Some big businesses have, for example, sought to suppress faith groups, giving none of them space for meetings or access to internal communications. Others have taken the opposite approach, encouraging faith groups as part of a more confident diversity policy that perhaps recognises that, in the workplace at least, that faith groups don’t generate conflict and do build positive community. Either way, the issue is on the agenda.

The struggle for public space has had a long history and has become fiercer as the secularists who thought they had won the war have begun to realise that religion has not died, that the yearning for spiritual transcendence has not withered under the fiery blast of secular scientism but has flourished. Indeed, moving to the private sphere, research has shown that our population may go to church much, much less than 20 years but that far from being less open to the transcendent, the opposite is true. We’ve never seen so many angels.

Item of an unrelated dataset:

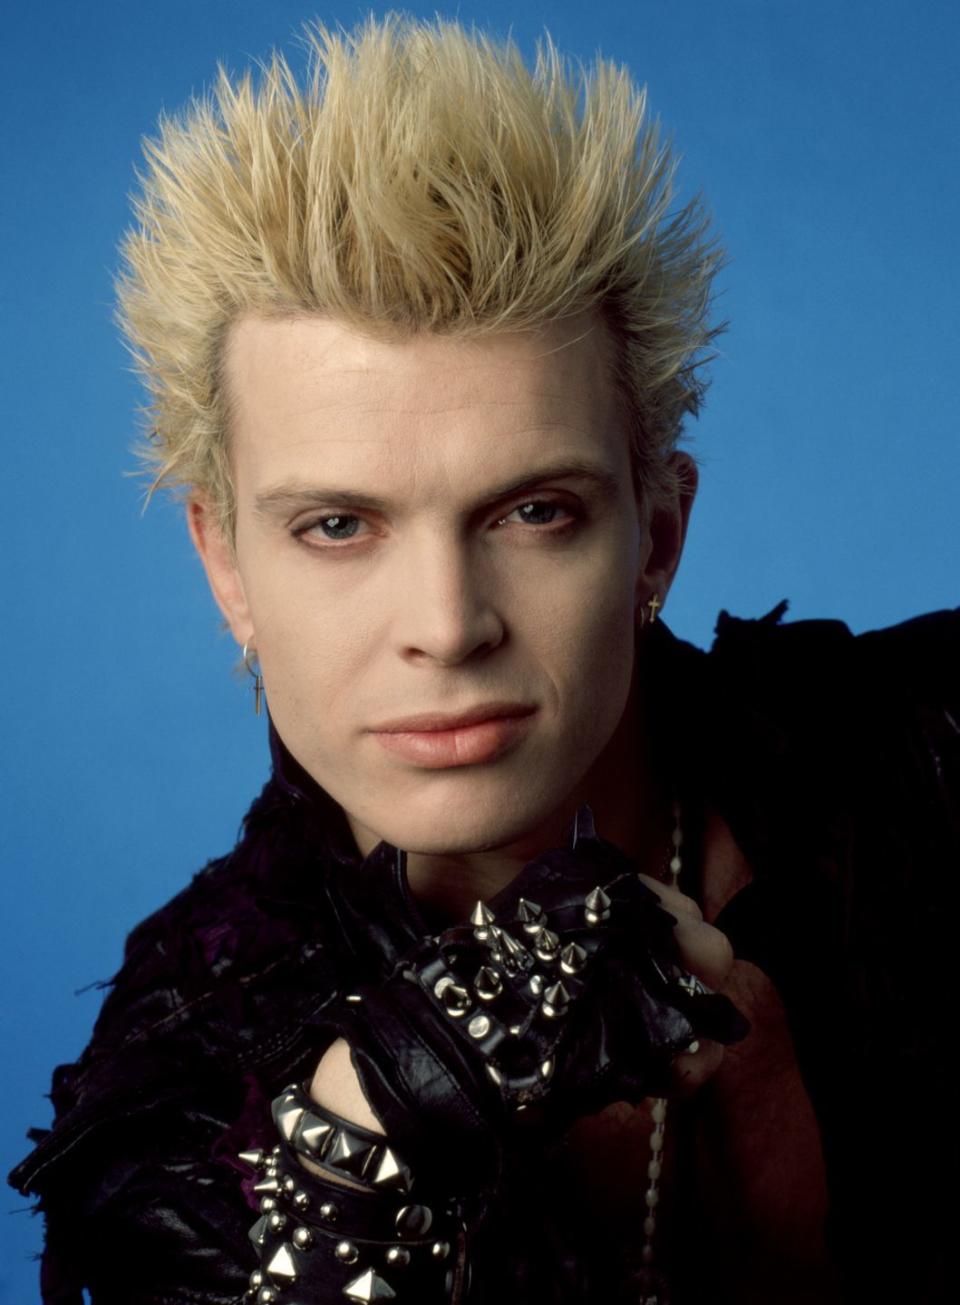 <p>Interestingly enough, punk was also popular in the late '80s. As a result, seeing dyed and spiky hair on the street (perhaps next to someone rocking a "pretty boy" cut) became common. Billy Idol was an icon amongst punk fans.</p>

Ten years ago, people were trying to work out how to put God on the national agenda. Well, he’s certainly there now. It may not be, as one leader put it, in the way we would have wanted – wars, heresies and blasphemies – but it’s on the agenda. And we are, it seems, getting much better at dealing with the media and making our case in an increasingly winsome way. They may have burned a copy of The Da Vinci Code in Italy but in Britain we’ve responded in a whole variety of positive ways – careful arguments, insightful questioning about what we can learn, firm but thoughtful stands of conscience, creative responses in print, in the media and in live events. As the founder of Jews for Jesus once put it to me before my first skirmish in the lion’s den of a media debate:

“Don’t defend God. He can look after Himself. Don’t defend Mark Greene, that’s not important. Look for the opportunity for the Gospel. And if you make a total mess of it, don’t worry, Jesus is still Lord.”

Look for the opportunity for the Gospel. Look for the opportunity for the whole-life, liberating, gracious, joy-bringing, burden-lifting, heart-healing, body-feeding, spirit lifting, redeeming, hope-filling, loving, adventurous, mysterious, limitless Gospel.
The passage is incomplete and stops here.